Belfast Telegraph

Saturday 20 September 2014

Five men jailed for total of 24 years over UK-wide drug operation

Judge Gordon Kerr QC said the drug smuggling had been an "organised commercial operation" designed to smuggle large quantities of both class A and B drugs into Northern Ireland
Judge Gordon Kerr QC said the drug smuggling had been an "organised commercial operation" designed to smuggle large quantities of both class A and B drugs into Northern Ireland
Judge Gordon Kerr QC said the drug smuggling had been an "organised commercial operation" designed to smuggle large quantities of both class A and B drugs into Northern Ireland
Judge Gordon Kerr QC said the drug smuggling had been an "organised commercial operation" designed to smuggle large quantities of both class A and B drugs into Northern Ireland
Steve Mesquita
Steve Mesquita

Five men who admitted involvement in a UK wide drug smuggling operation worth more than a million pounds have been jailed for a total of 24 years.

Jailing the five at Belfast Crown Court, Judge Gordon Kerr QC said it had been an "organised commercial operation" designed to smuggle large quantities of both class A and B drugs into Northern Ireland.

Sentences of six years were handed to 32-year-old Barry Kavanagh, from Belmont Avenue West in Belfast  and Liam Young (35) both admitted being concerned in the supply of class and A and B drugs while four year terms were handed to 31-year-old Keith Laffin, Christopher McNally (28) and Gary Stevenson (30).

Judge Kerr ordered that all five will spend half their sentences in jail and half on supervised licence conditions.

Last month 30-year-old Dutch man Steve Mesquita from Van Den Broekelaan in Amstelveen, was jailed for three years after he pleaded guilty to drugs offences relating to class B cannabis.

A seventh defendant is to be sentenced later this year.

The charges arose after the PSNI and Serious Organised Crime squad, working in tandem with other UK police forces, mounted a surveillance operation in Belfast, Glasgow, Manchester, Newcastle and Liverpool before eventually swooping in February 2010.

Recounting the facts of the case during his sentencing remarks Judge Kerr outlined how on February 6, Young, from Mourne View Park in Lisburn, flew to Liverpool and transferred £500 to McNally who was living in Preston at the time but who has an address at Donard Avenue in Bangor.

Laffin, from the Brackenagh West Road in Newry, was followed to Glasgow where he bought a lorry which was then tracked to Newcastle.

On February 12, McNally went to Liverpool where he met Mesquita and the pair collected a number of boxes.

But while Mesquita stayed behind, McNally drove off but was kept under surveillance and was spotted meeting Stevenson, from The Hawthorns in Annalong, at a service station on the M21 who then drove on to Stranraer and boarded the ferry back to Northern Ireland.

That lorry was raided when he returned to Annalong and when it was searched, cops uncovered 11.9 kilos of herbal cannabis, 5.6 kilos of cocaine, 15.4 kilos of amphetamine, 91,000 Euros and £6,000 in cash.

In total, police estimate the drugs in Northern Ireland to be worth around £700,000 with another £500,000 of drugs uncovered during searches in Preston.

Speaking outside the court, Detective Superintendent Philip Marshall, from Organised Crime Branch, said he welcomed the sentences handed out.

"Working with colleagues in partner law enforcement agencies, we have taken millions of pounds worth of drugs off our streets and put the criminals involved in these shipments behind bars," he said.

"We believe we have caught all the members of this organised crime group, ranging from the supplier in Holland and the principal operators Barry Kavanagh and Liam Young, through to the drivers and couriers.

“We take pride in our success in as much as these operations have made communities safer.
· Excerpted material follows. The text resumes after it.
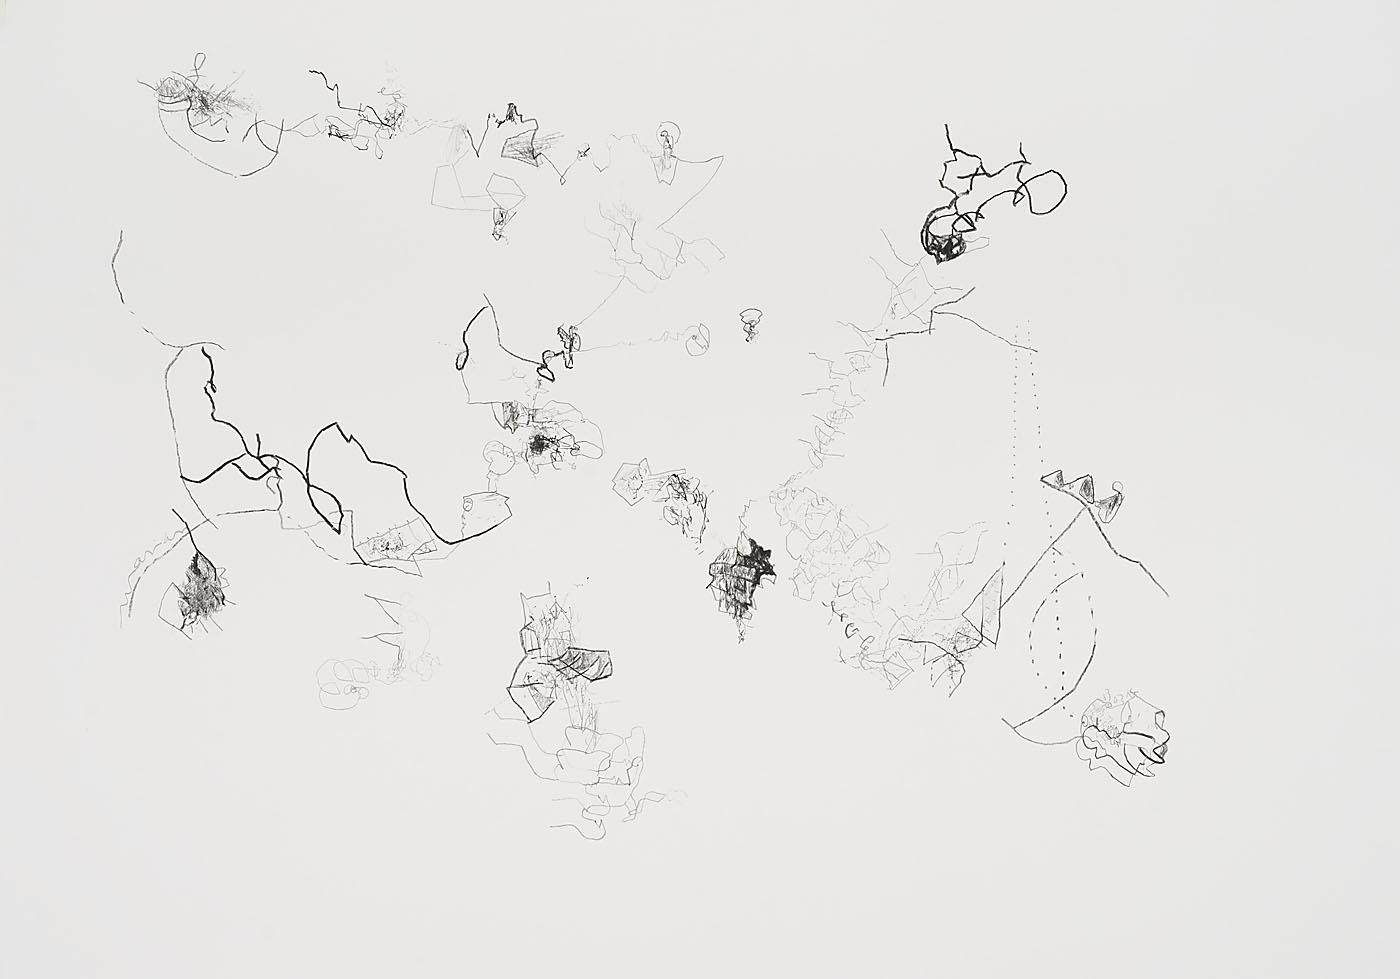 Seismografische Kompositionen 13 03 14 / Bleistift auf Papier / 59,4 x 84,1 cm

But we are not complacent.

"We believe there are other individuals involved in drugs supply and we are determined to use every legitimate resource to frustrate, disrupt and dismantle these groups."

The Special Organised Crime Agency's Matt Burton said: "This organised crime network had no regard for the misery it imposed on its local community.

"They attempted to exploit national and international borders to generate profit. This investigation demonstrates that SOCA, with its national and international partners, will tackle the illegal drugs trade by continuing to identify, disrupt and imprison those who facilitate it."